When LoRA Betrays: Backdooring Text-to-Image Models by Masquerading as Benign Adapters

TL;DR

This paper introduces Masquerade-LoRA, a novel backdoor attack framework exploiting LoRA modules in text-to-image models, achieving high success rates while remaining stealthy, highlighting security risks in model sharing ecosystems.

Contribution

It presents the first systematic attack method using independent LoRA modules to inject backdoors into text-to-image diffusion models, emphasizing new security concerns.

Findings

MasqLoRA achieves a 99.8% attack success rate.

The attack requires minimal resource overhead.
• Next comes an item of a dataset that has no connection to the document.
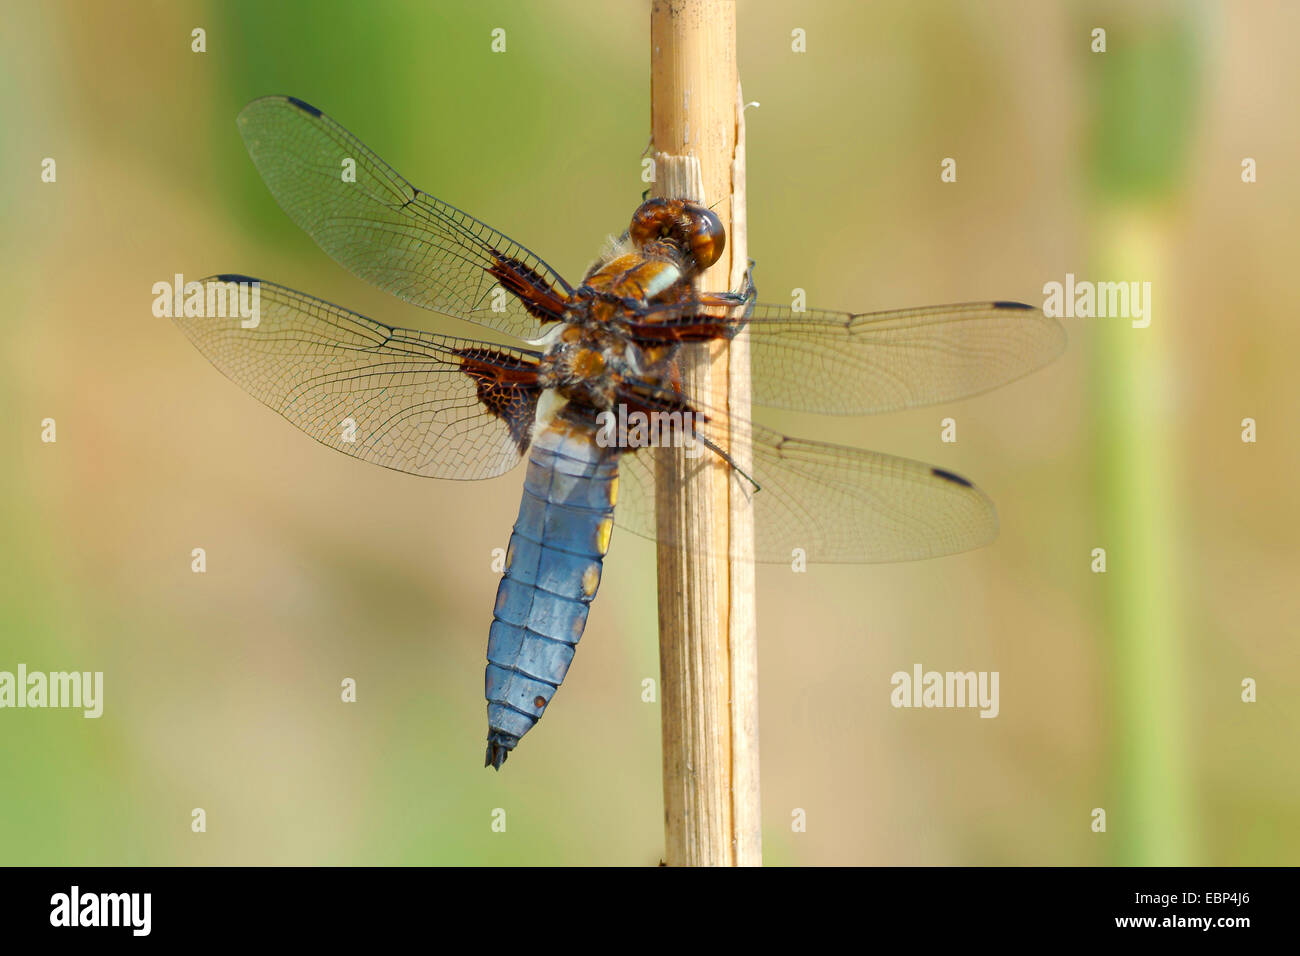 À corps large libellula, large taille chaser (Libellula depressa), homme, Allemagne Banque D'Images

MasqLoRA remains stealthy by behaving normally without triggers.

Abstract

Low-Rank Adaptation (LoRA) has emerged as a leading technique for efficiently fine-tuning text-to-image diffusion models, and its widespread adoption on open-source platforms has fostered a vibrant culture of model sharing and customization. However, the same modular and plug-and-play flexibility that makes LoRA appealing also introduces a broader attack surface. To highlight this risk, we propose Masquerade-LoRA (MasqLoRA), the first systematic attack framework that leverages an independent LoRA module as the attack vehicle to stealthily inject malicious behavior into text-to-image diffusion models. MasqLoRA operates by freezing the base model parameters and updating only the low-rank adapter weights using a small number of "trigger word-target image" pairs. This enables the attacker to train a standalone backdoor LoRA module that embeds a hidden cross-modal mapping: when the module is loaded and a specific textual trigger is provided, the model produces a predefined visual output; otherwise, it behaves indistinguishably from the benign model, ensuring the stealthiness of the attack. Experimental results demonstrate that MasqLoRA can be trained with minimal resource overhead and achieves a high attack success rate of 99.8%. MasqLoRA reveals a severe and unique threat in the AI supply chain, underscoring the urgent need for dedicated defense mechanisms for the LoRA-centric sharing ecosystem.